James Comey asked to testify before House investigative committee

Former FBI director James Comey has been invited to testify before the congressional committee on oversight and government reform next week. 

The committee — the primary investigative body within the House of Representatives — has set a hearing for May 24 to investigate whether U.S. President Donald Trump interfered in an FBI probe into former national security adviser Michael Flynn. 

Committee chair Jason Chaffetz said Wednesday that Comey has been asked to testify at the hearing. 

The move comes a day after it was disclosed that Comey had written a memo detailing how Trump had asked him to shut down the investigation into Flynn. The FBI has been looking into Flynn for months as part of a counterintelligence investigation.

Chaffetz has demanded that the FBI turn over Comey’s memos. He said he wants to determine whether the president attempted to influence or impede the FBI’s investigation into Flynn.

Abrupt firing

Trump has been under scrutiny from Democrats and political pundits since he abruptly fired Comey last week. At the time, the U.S. president said the dismissal was connected to Comey’s very public handling into the Hillary Clinton email probe.

The White House, meanwhile, has provided differing accounts of the firing. And lawmakers have alleged that the sudden ouster was actually an attempt to stifle the bureau’s investigation into Trump associates’ ties to Russia’s alleged meddling in the 2016 presidential election.

The White House said President Donald Trump will be interviewing four potential candidates to replace Comey, including former Connecticut Senator Joe Lieberman.

White House press secretary Sean Spicer said Trump will be meeting later Wednesday with Lieberman, former Oklahoma governor Frank Keating, FBI acting director Andrew McCabe and Richard McFeely, a former top FBI official.

‘You cannot let them get you down’

The president has suggested he hopes to name Comey’s successor before he departs Friday for his first overseas trip as president.

Trump Coast Guard

President Donald Trump attends the commencement address at the U.S. Coast Guard Academy in New London, Conn., where he struck a defiant tone. (Susan Walsh/Associated Press)

Trump did not speak about Comey at a U.S. Coast Guard Academy commencement in Connecticut on Wednesday, but he struck a defiant tone, telling graduates that no other politician has been treated more unfairly by the media. But, he said, “You cannot let them get you down.”

Russia offers records of White House meeting

In another twist to the furor surrounding Trump, Russian President Vladimir Putin earlier Wednesday offered to turn over to Congress records of Trump’s discussions with Russian diplomats in which Trump is reported to have disclosed classified information. 


In a photo made available by the Russian Foreign Ministry, Trump speaks with Russia’s Foreign Minister Sergei Lavrov, left, and Russian ambassador to the U.S., Sergei Kislyak, on May 10, the day after James Comey was fired. (EPA)

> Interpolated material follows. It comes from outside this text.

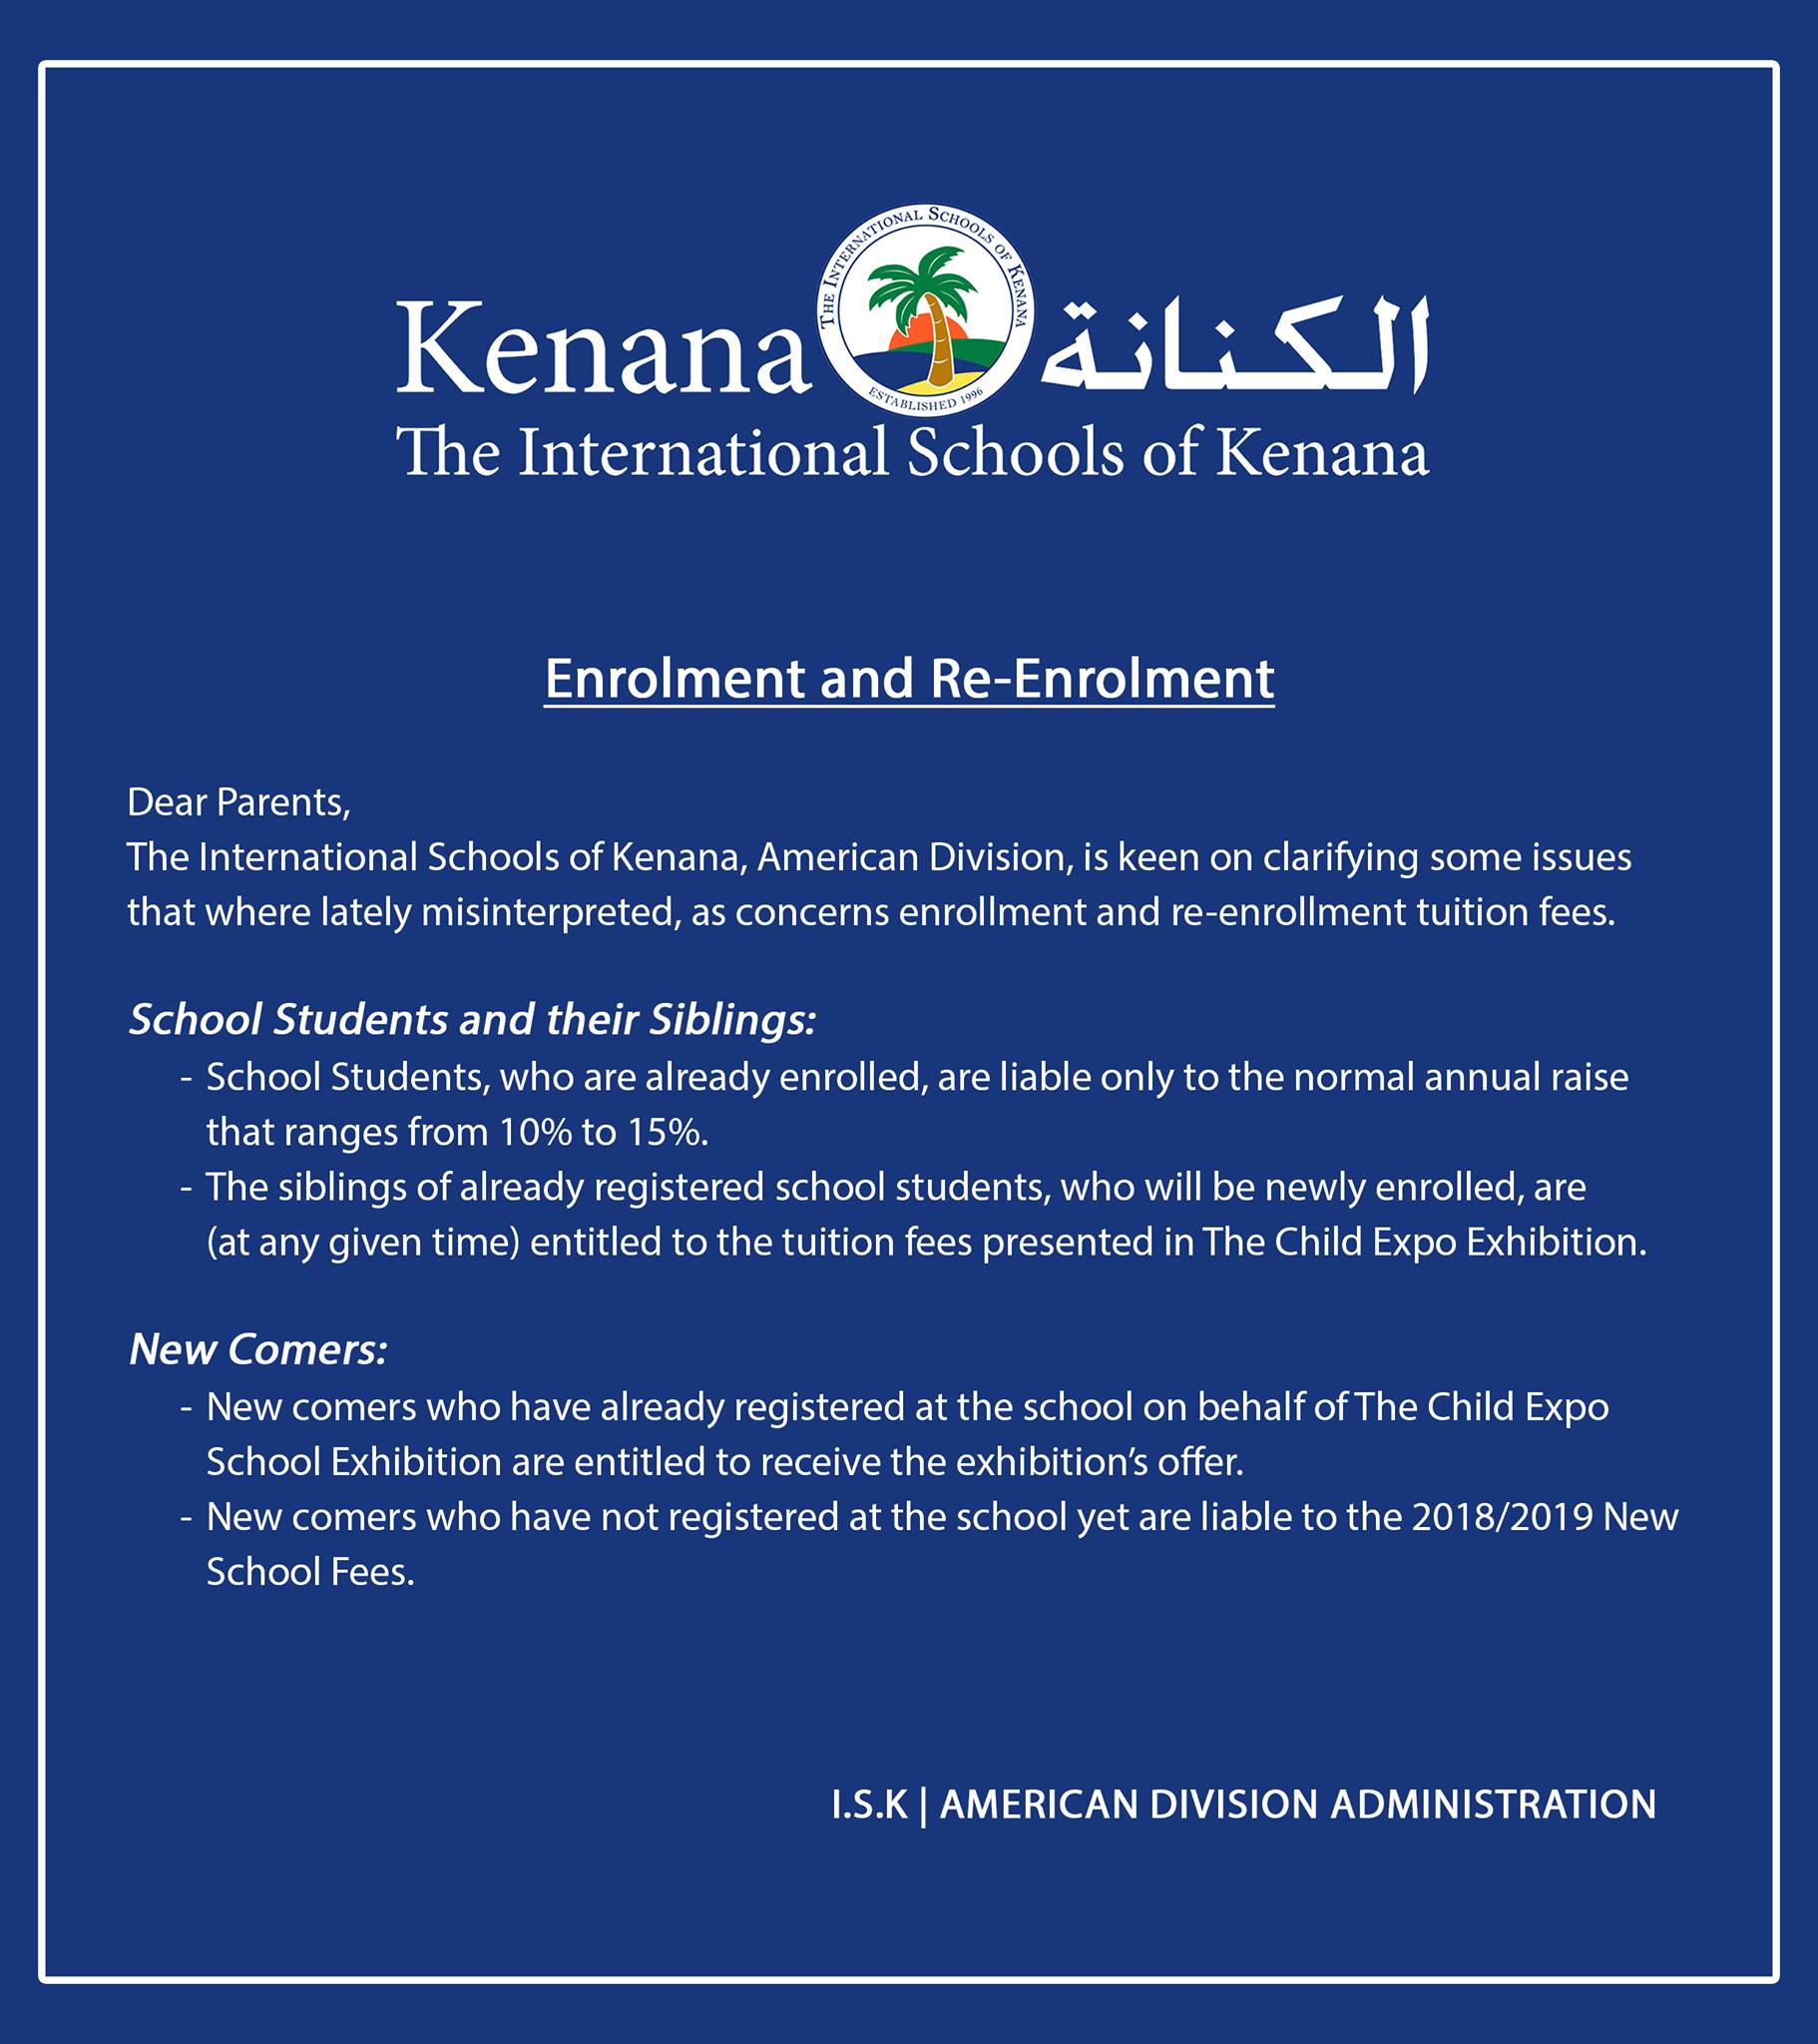 International schools of kenana | American Division - Enrollment and Re-Enrollment

Putin told a news conference that he would be willing to turn over notes of Trump’s meeting with the Russian diplomats if the White House agreed. He dismissed outrage over Trump’s disclosures as U.S. politicians whipping up “anti-Russian sentiment.” Trump met with Russian Foreign Minister Sergey Lavrov and the Russian ambassador to the U.S., Sergey Kislyak, in the Oval Office on May 10, a day after the president fired Comey.

Asked what he thinks of Trump’s presidency, Putin said it’s up to the American people to judge, but his performance can be rated “only when he’s allowed to work at full capacity,” implying that someone is hampering Trump’s efforts.

Democrats seek independent commission

Meanwhile, House Democratic leader Nancy Pelosi is urging Democrats to sign a discharge petition to establish an independent commission to investigate Russian interference in the presidential election and whether associates of the president co-operated with that effort.

Pelosi said the American people “deserve answers and to get to the bottom of the Trump-Russia connection and possible collusion to influence the election.”

A total of 110 lawmakers, including one Republican, had signed the petition as of Wednesday afternoon. At least 216 signatures are needed to bring the measure to the House floor.